# Buying ex military vehicles.



## steveyb4342 (22 Mar 2008)

Hi everyone, 
Im interested in buying a CUCV I was just wondering if anyone knew of a place that would carry ex military vehicles like this? Eventually Id like to get a MILCOT as well. 

                                                    Thanks Steve


----------



## medaid (22 Mar 2008)

Trust me you DON'T want a MILCOT...

I'd get an ILTIS before I get a MILCOT.


----------



## Shamrock (22 Mar 2008)

steveyb4342 said:
			
		

> Hi everyone,
> Im interested in buying a CUCV I was just wondering if anyone knew of a place that would carry ex military vehicles like this? Eventually Id like to get a MILCOT as well.
> 
> Thanks Steve



Milcot?  Here ya go!


----------



## steveyb4342 (23 Mar 2008)

Why dont you guys like MILCOT's? I think their pretty sweet. Im more looking for a CUCV right now though. But once the MILCOT's go up for sale, ill be there. 

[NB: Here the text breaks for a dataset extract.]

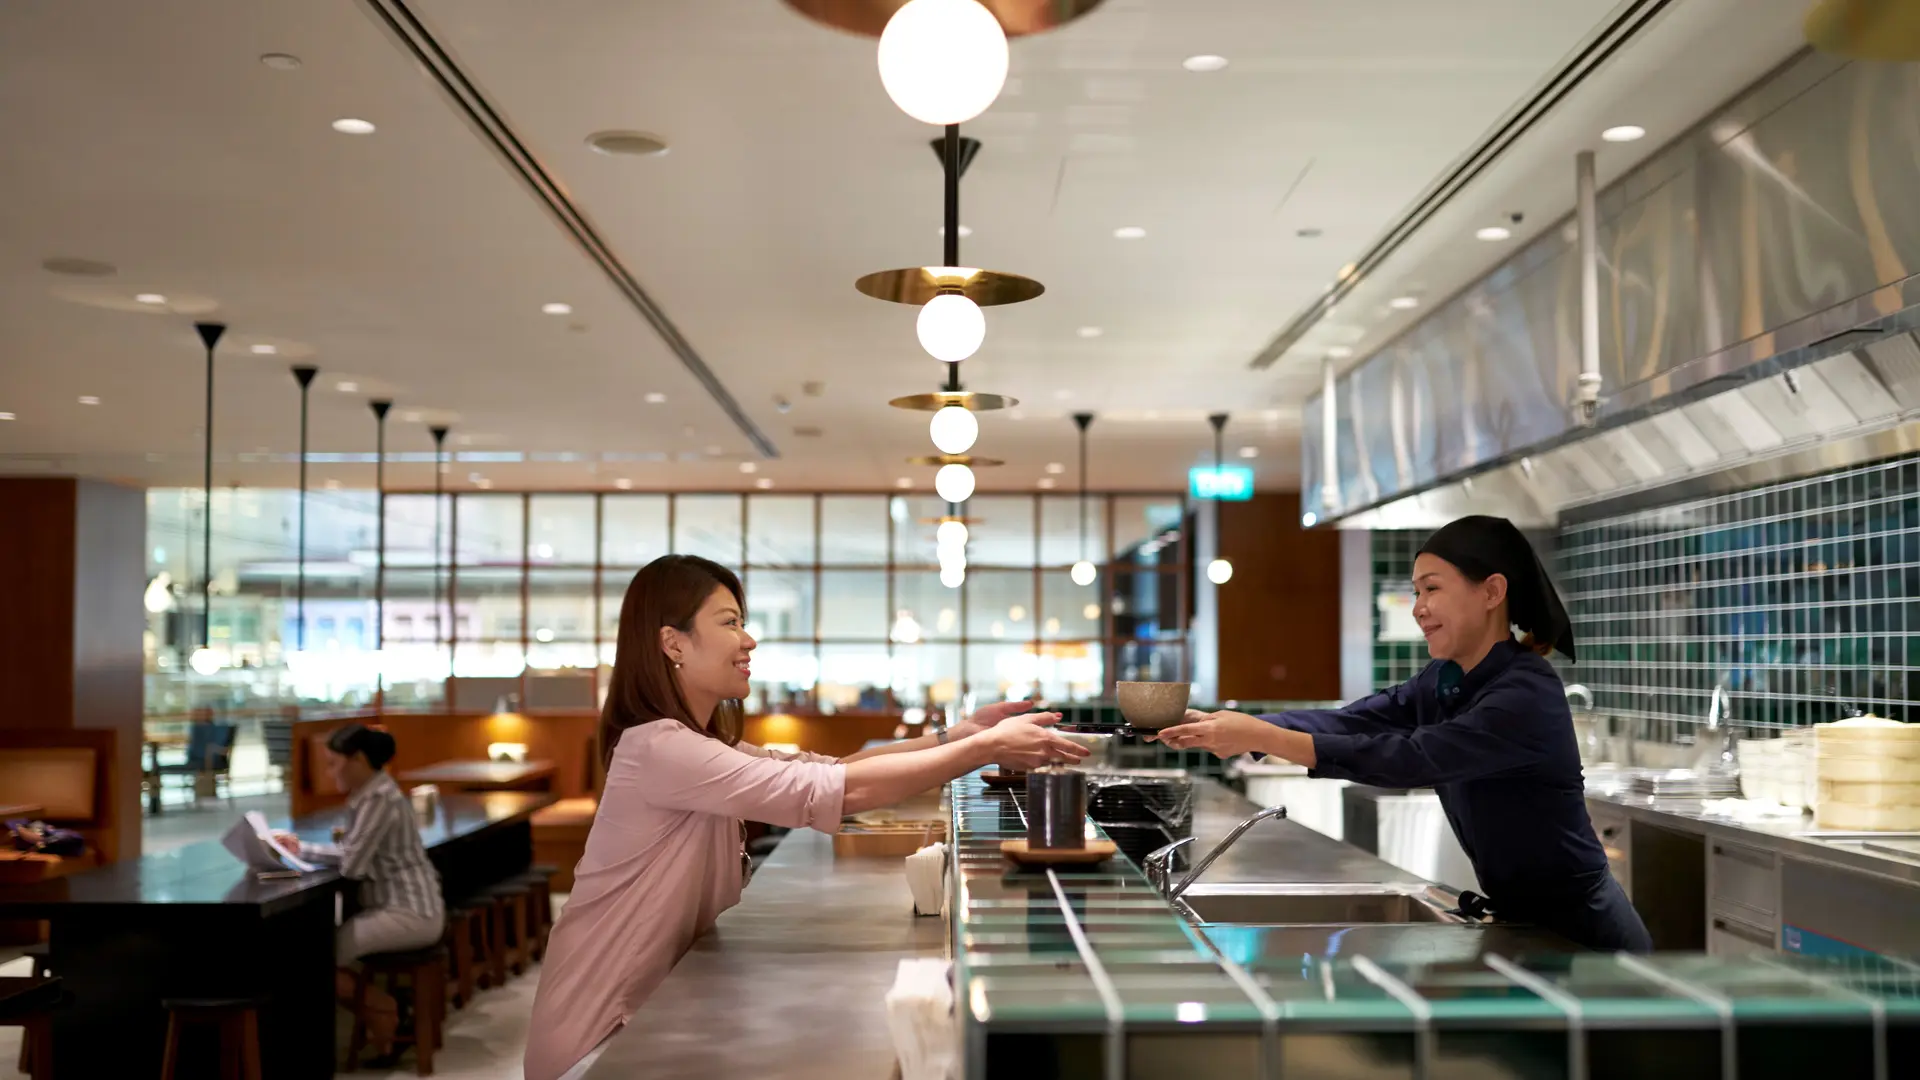 Airlines News - Cathay Pacific reopens lounges in Hong Kong, Singapore and Japan

                                                                    Thanks Steve


----------



## honestyrules (23 Mar 2008)

> Why dont you guys like MILCOT's?



Never drove one myself, but they get stuck and it`s a civvie truck painted green...Like Medtech said ,an Iltis would be a lot more fun to beat up...LUVW is nice also, but expensive...

Jeez, I think I`d buy a Deuce before a Milcot....


----------



## steveyb4342 (23 Mar 2008)

Yes it is a civiy truck painted green, a cool civiy truck. Any truck gets stuck, especially with the wimpy tires they put on them. They need something along the lines of 35" super swampers  ;D . Anyone know where there are any CUCV's?

                                                              Thanks Steve


----------



## geo (23 Mar 2008)

stevey,
By the time the Milcot are unloaded by the forces, 95% of them will have had the crap beaten out of them.
New - they already suffered from serious electrical problems... that cause(d) fires. and that's not a good thing.

These militarized pickup trucks are an aberation and not really much worth investing in... IMHO


----------



## Jammer (23 Mar 2008)

www.carletonautomotive.com


----------



## Tatra (11 Apr 2008)

Your best bet is to go to eBay and search CUCV or search the various 'M' designations. There are always CUCV's on eBay, and more so CUCV parts. Don't forget, for every CUCV the CDN's had, the US had approx 400 (rough guess) spread thru the various levels of the military. Hope that helps. Oh, stay away from the 'Milverado'. The CUCV had a lousey diesel, but the Mil has lousey everything. Want tough ? Try a HEMTT 10x10 or a Tatra 8x8.


----------